Work to be completed> Copy the data exactly, pictures aside.

Collected material>
··········

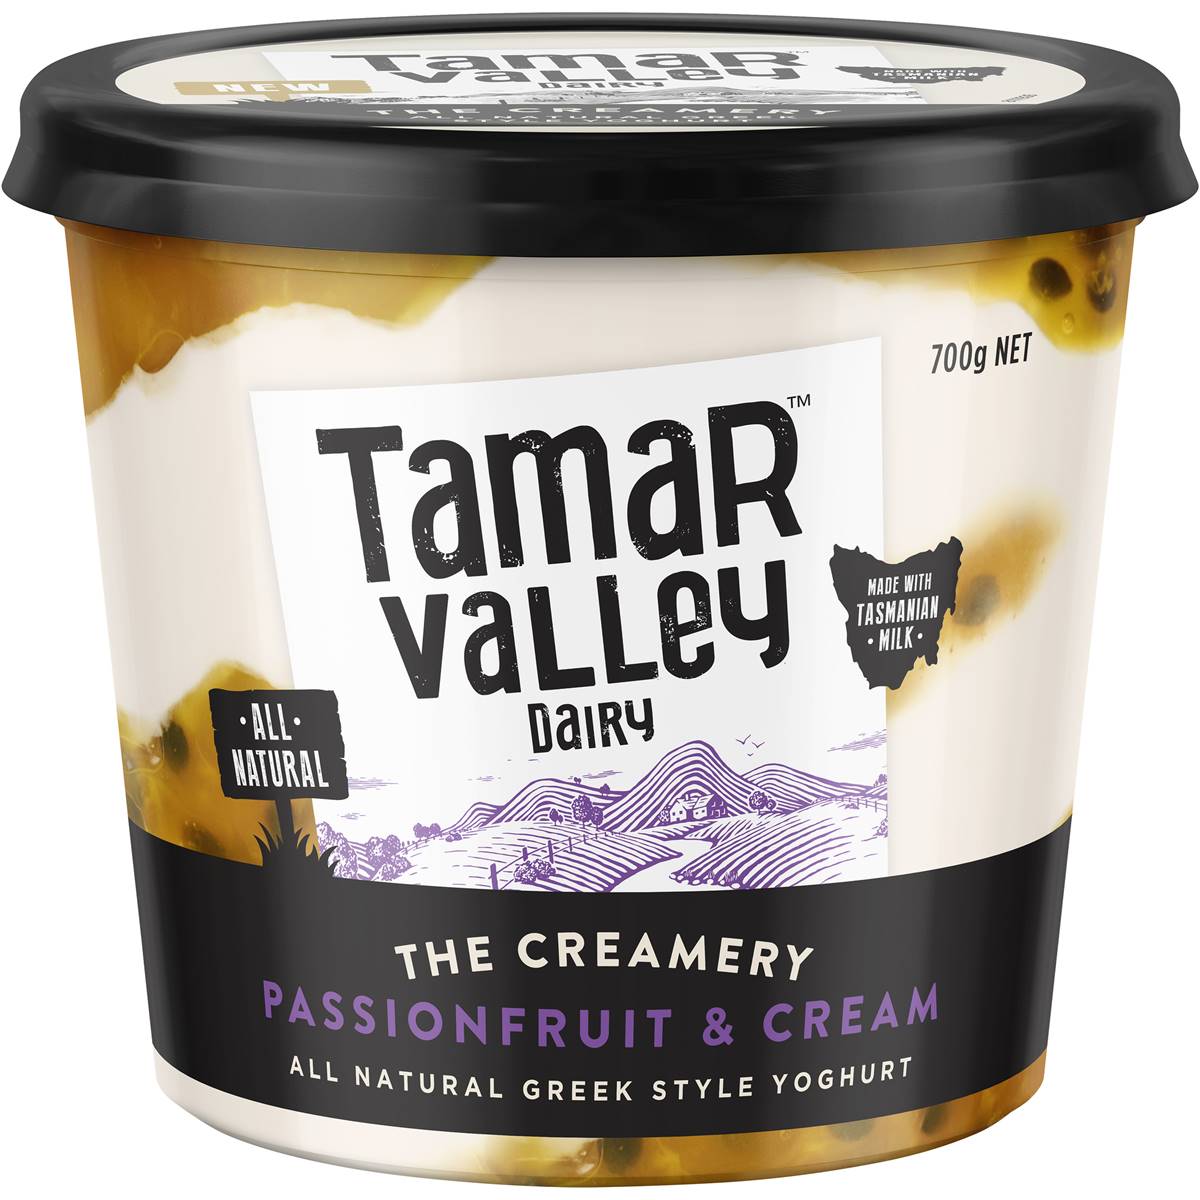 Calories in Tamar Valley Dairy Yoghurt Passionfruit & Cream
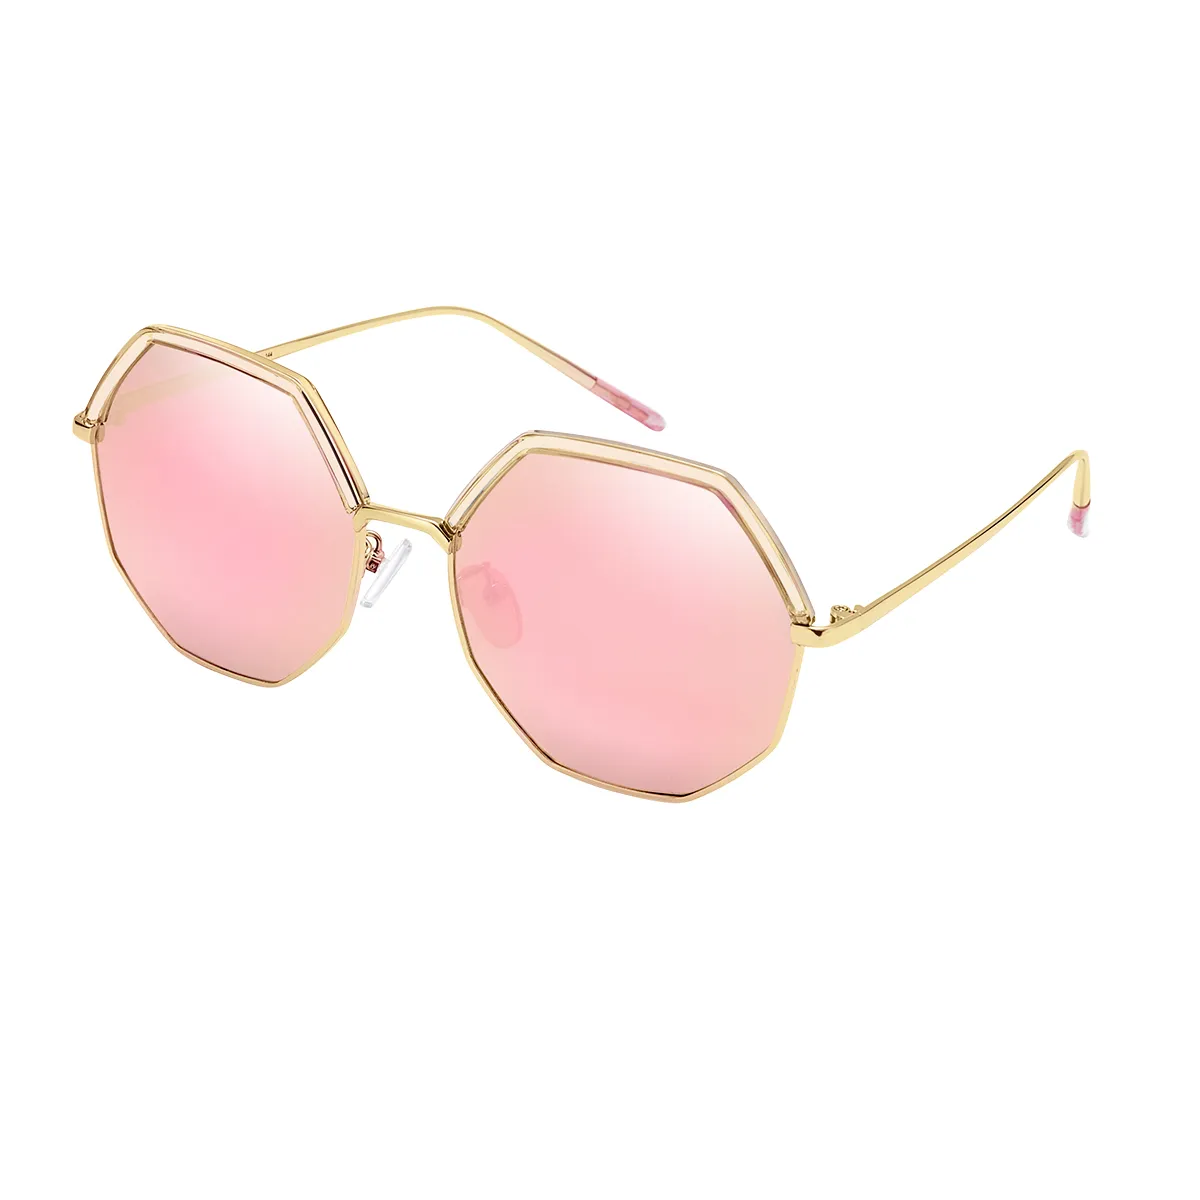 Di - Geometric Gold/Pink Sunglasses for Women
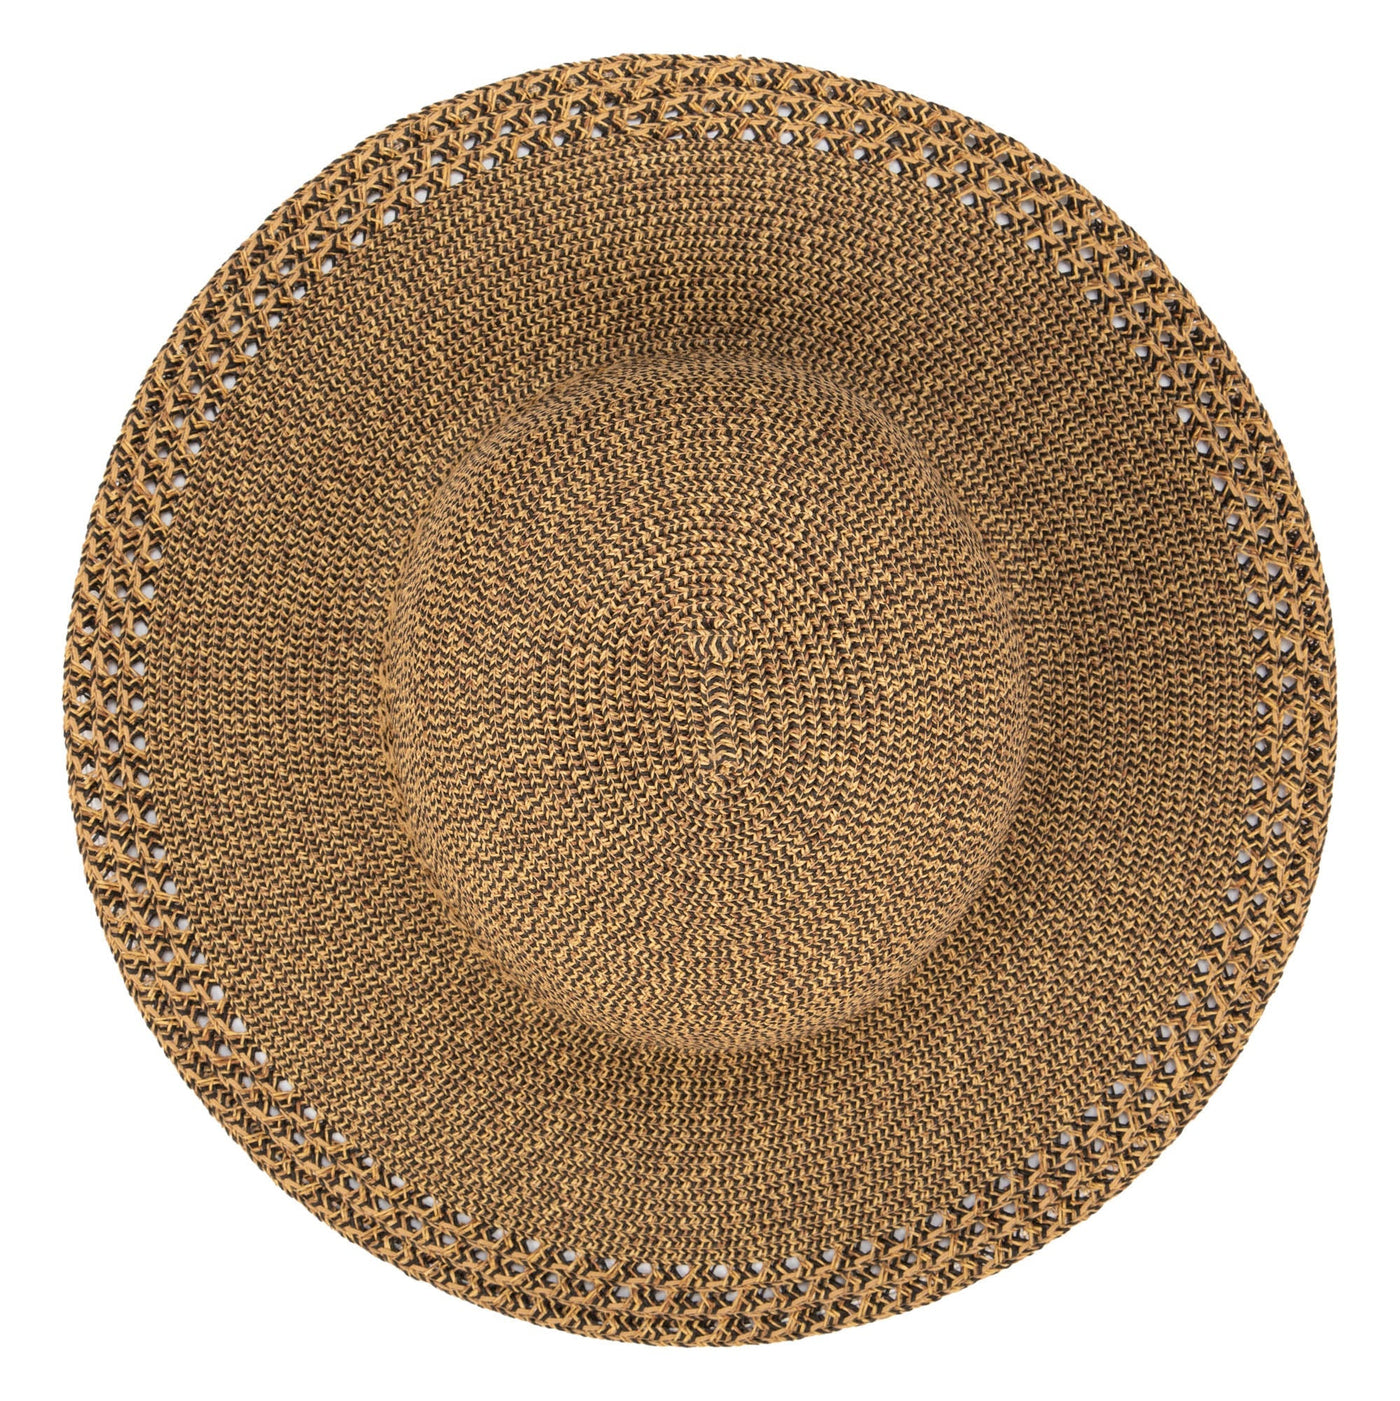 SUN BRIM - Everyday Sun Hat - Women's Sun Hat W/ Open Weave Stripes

··········

Solution>
 Calories in Tamar Valley Dairy Yoghurt Passionfruit & Cream
 Di - Geometric Gold/Pink Sunglasses for Women
 SUN BRIM - Everyday Sun Hat - Women's Sun Hat W/ Open Weave Stripes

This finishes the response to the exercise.